A excipiente não aponta em quais dos documentos juntados ao evento 11 (eventos 1 a 13) estaria comprovada a quitação do débito, também deixando de esclarecer de que forma ela se deu.
Há documentos juntados ao evento 11 que dão conta de compensações postuladas administrativamente.
O documento juntado ao anexo 13 diz respeito a pagamento ao IRRF de outubro/2022 (evento 10, anexo 13, fls. 8/10), que, conforme visto acima, não faz parte das competências em cobrança representada pela CDA nr. 70 2 23 019697-86.
Não comprovada, pois, a quitação do débito representado pela CDA nr. 70 2 23 019697-86.
Isso posto, REJEITO A EXCEÇÃO DE PRÉ-EXECUTIVIDADE (evento 10).
1) À exequente, para promover o prosseguimento da execução, no prazo de 15 (quinze) dias.
2) Nada sendo requerido, suspenda-se o feito por 01 (um) ano, na forma do art. 40, caput, da Lei nº 6.830/80.
Intime-se a exequente para ciência da suspensão e de que o referido prazo inicia-se a partir da intimação da presente.

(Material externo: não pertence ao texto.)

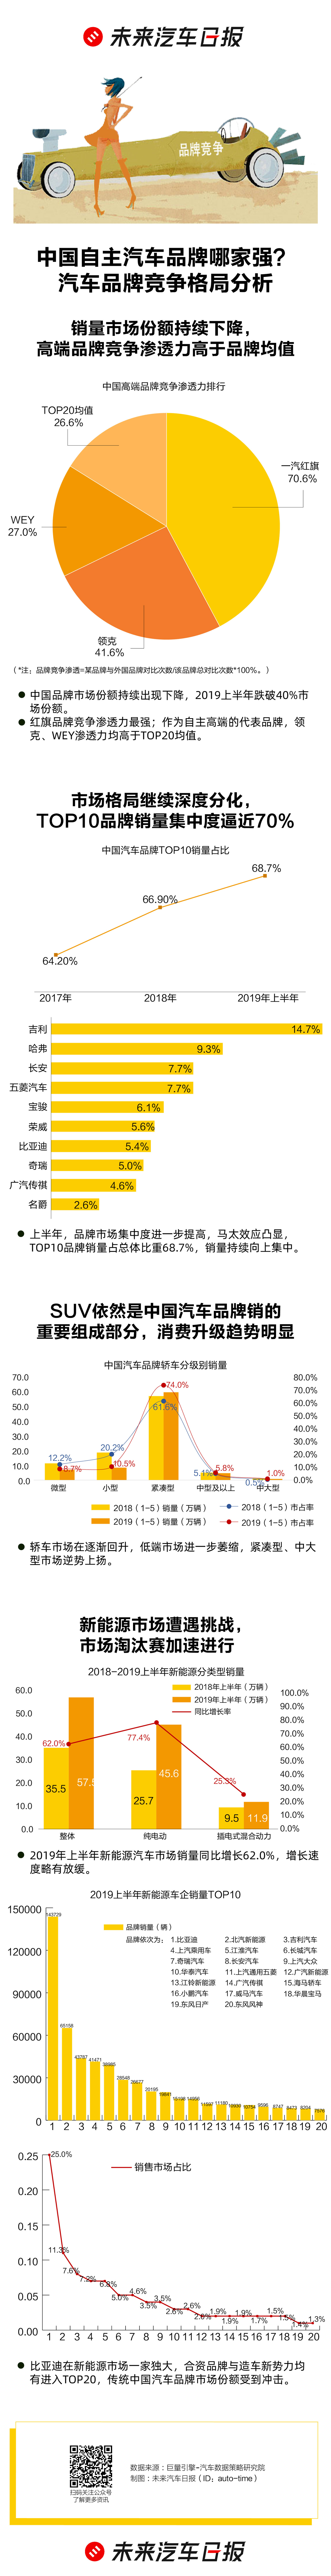 Small data| Which Chinese car company is strong: Red flag high penetration, Geely TOP1, BYD electric one big

Fica desde já ciente a parte exequente que, decorrido o prazo de suspensão de 1 (um) ano sem que haja manifestação que possibilite o impulso regular da execução, o presente processo será automaticamente arquivado sem baixa, na forma do art. 40, § 2º, da Lei nº 6.830/80, independentemente de nova vista de autos à exequente, e que fluirá o prazo para prescrição intercorrente.
Insta esclarecer que qualquer manifestação que não demande a promoção do curso da execução deverá ser juntada aos autos somente para que se aguarde o decurso do prazo de suspensão ou arquivamento sem baixa.
Outrossim, em virtude de o processo ser eletrônico, o eventual pedido de vista já restará atendido, pois a exequente tem acesso a este tipo de autos a qualquer momento, através da consulta processual no Eproc.